Taking that limitation into account, transgenesis has been proposed as an option to promote plant iron nutrition and content by overexpressing or silencing genes mediating plant iron acquisition, transport and/or storage. The corresponding strategy has been followed through the targeting of one gene or several ones in combination and has led to genotypes with an increased iron content (i.e., from <2 to 6-fold) (Kawakami and Bhullar, 2018; Connorton and Balk, 2019). However, transgenesis raises public concerns (Lassoued et al., 2018).
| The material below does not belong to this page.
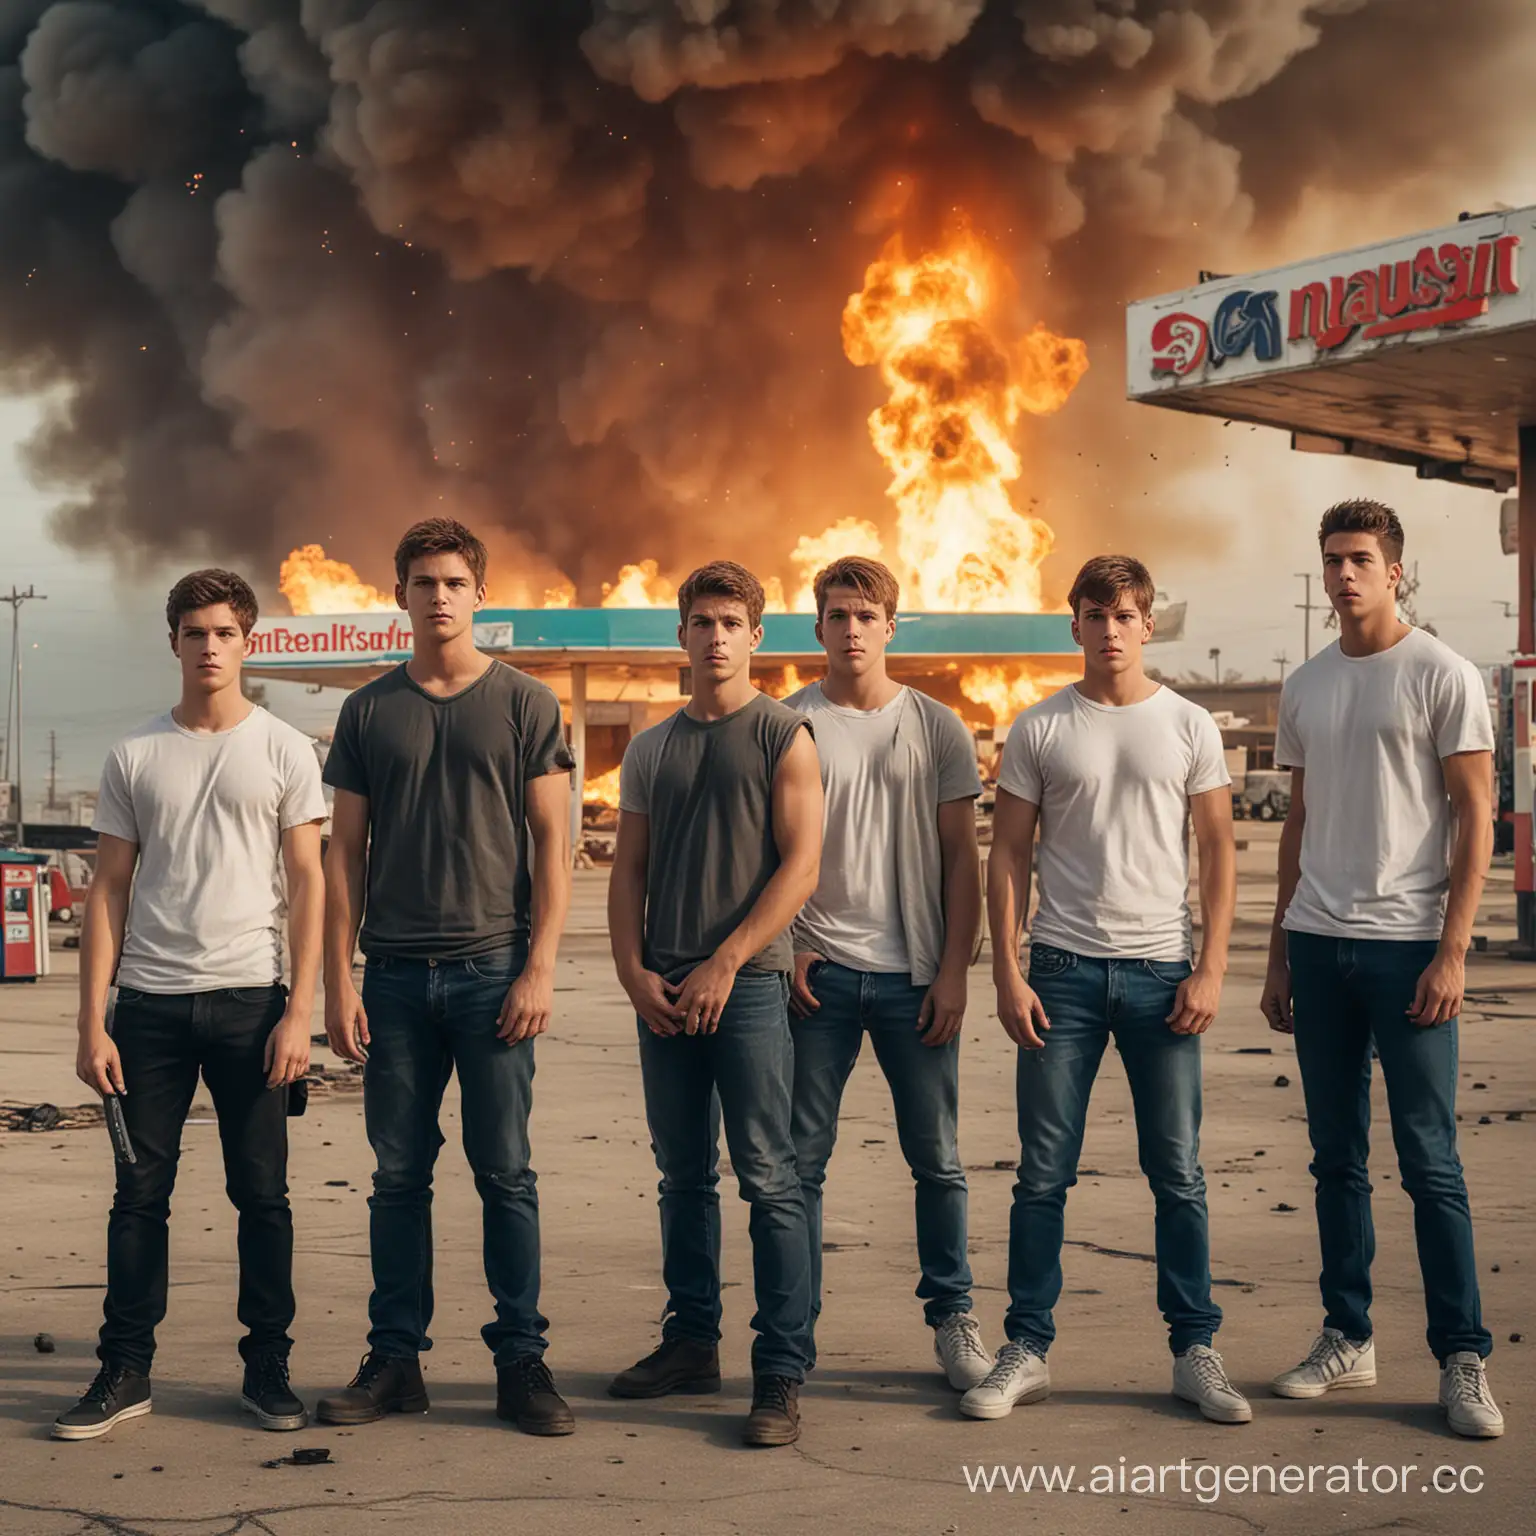 Youthful-Rebels-Pose-Amidst-Exploding-Gas-Station
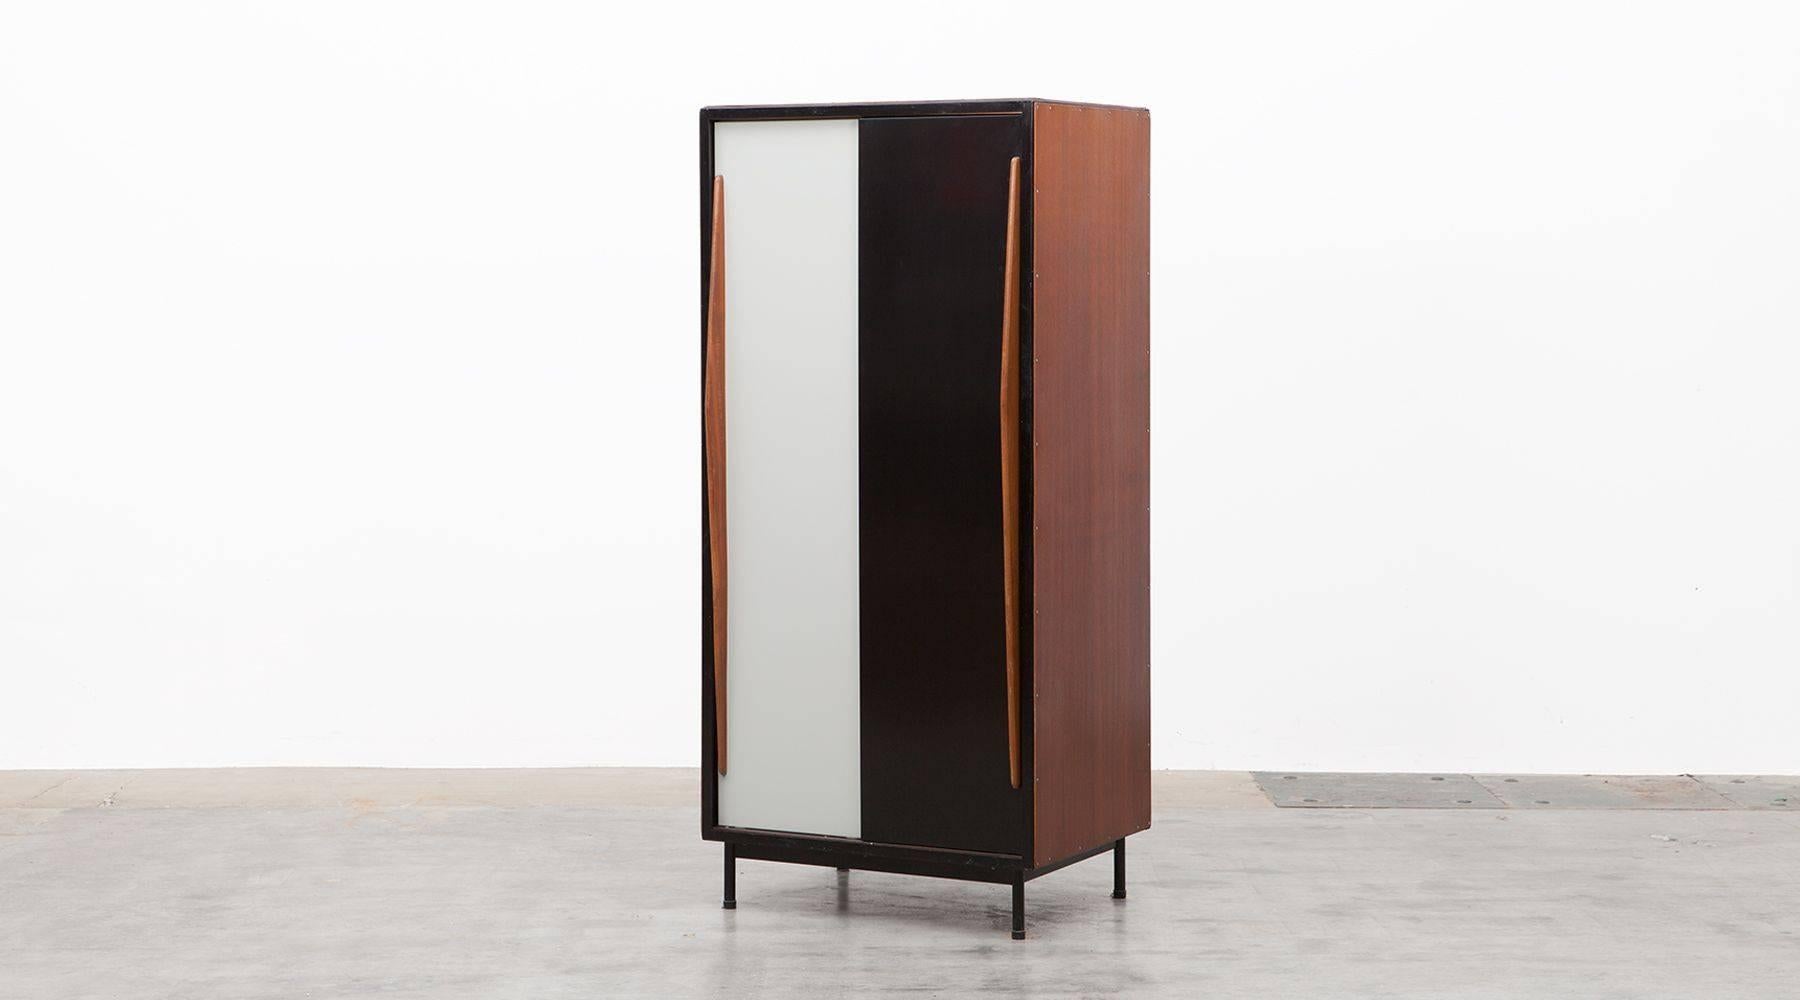 This standing cabinet with lacquered metal doors in black and light grey and wooden door handles, slides from left and right. Contains wardrobe on one side and two shelfs on the other side. Nice early example of Industrial Design from the Belgium

Furthermore, positive effects recorded in controlled conditions may be lost in field conditions because iron bioavailability varies among soils (Gregory et al., 2017). For example, iron uptake by soybean was increased by overexpressing FRO in controlled iron stress conditions (Vasconcelos et al., 2006) but not in high-calcareous soil environments (Kocak, 2014); even more, this genetic transformation appeared to be deleterious under non-iron stressed conditions due to toxic effects of the iron overload (Vasconcelos et al., 2006).

More generally, results from cultivars obtained from conventional and new breeding strategies vary depending upon soil iron bioavailability (Gregory et al., 2017; Garcia-Oliveira et al., 2018; Lockyer et al., 2018; Connorton and Balk, 2019). Alternative strategies based on QTL (quantitative trait loci) identification and on genome-wide association (GWAS) have been proposed to identify putative traits and genes mediating plant iron nutrition, and include them in plant breeding programs. The first step of this strategy confirmed the importance of genes implied in (i) iron uptake strategies I and II, (ii) the synthesis of phenolic compounds, and (iii) iron homeostasis. They further underlined the multigenic character of traits related to the plant iron status and the crucial importance of environmental conditions (Garcia-Oliveira et al., 2018; Connorton and Balk, 2019). Gene expression profiling of soybean plants sensitive or tolerant to IDC pinpointed key roles for phenylpropanoids (Waters et al., 2018). The major contribution of iron storage in the root apoplast and of fluorescent phenolics to remobilize this extracytoplasmic iron was confirmed and represents potential breeding targets (Curie and Mari, 2017; Waters et al., 2018). The complex and interregulated mechanisms of plant iron uptake and homeostasis has also been emphasized. A key role has been given to (i) phosphorus known to be in close relation with the iron status (e.g., Vansuyt et al., 2003; Tsai and Schmidt, 2017; Shi et al., 2018; Filiz and Kurt, 2019), (ii) ISR through the root-specific transcription factor MYB72 and beta-glucosidase BGLU42 (Zamioudis et al., 2014), and (iii) hormone signaling, especially IAA, Et, NO and ABA signaling (Lei et al., 2014; Li et al., 2015; Curie and Mari, 2017; Filiz and Kurt, 2019). The complex interrelations between the plant iron status, the P status, defense reactions and hormone signaling make the promotion of plant nutrition via plant breeding a difficult task.

Plant-Microbe Interactions Mediating Iron Uptake and Homeostasis

Impact of Rhizosphere Microbiota on Iron Availability

The rhizosphere microbiota impacts the physico-chemical properties of the root environment by acidifying the soil through the release of organic acids and protons, and chelating iron with organic acids and siderophores (Figure 1B➊, ➋). These modifications prompt iron extraction from the soil matrix and thus modify its solubility and availability for the host plant.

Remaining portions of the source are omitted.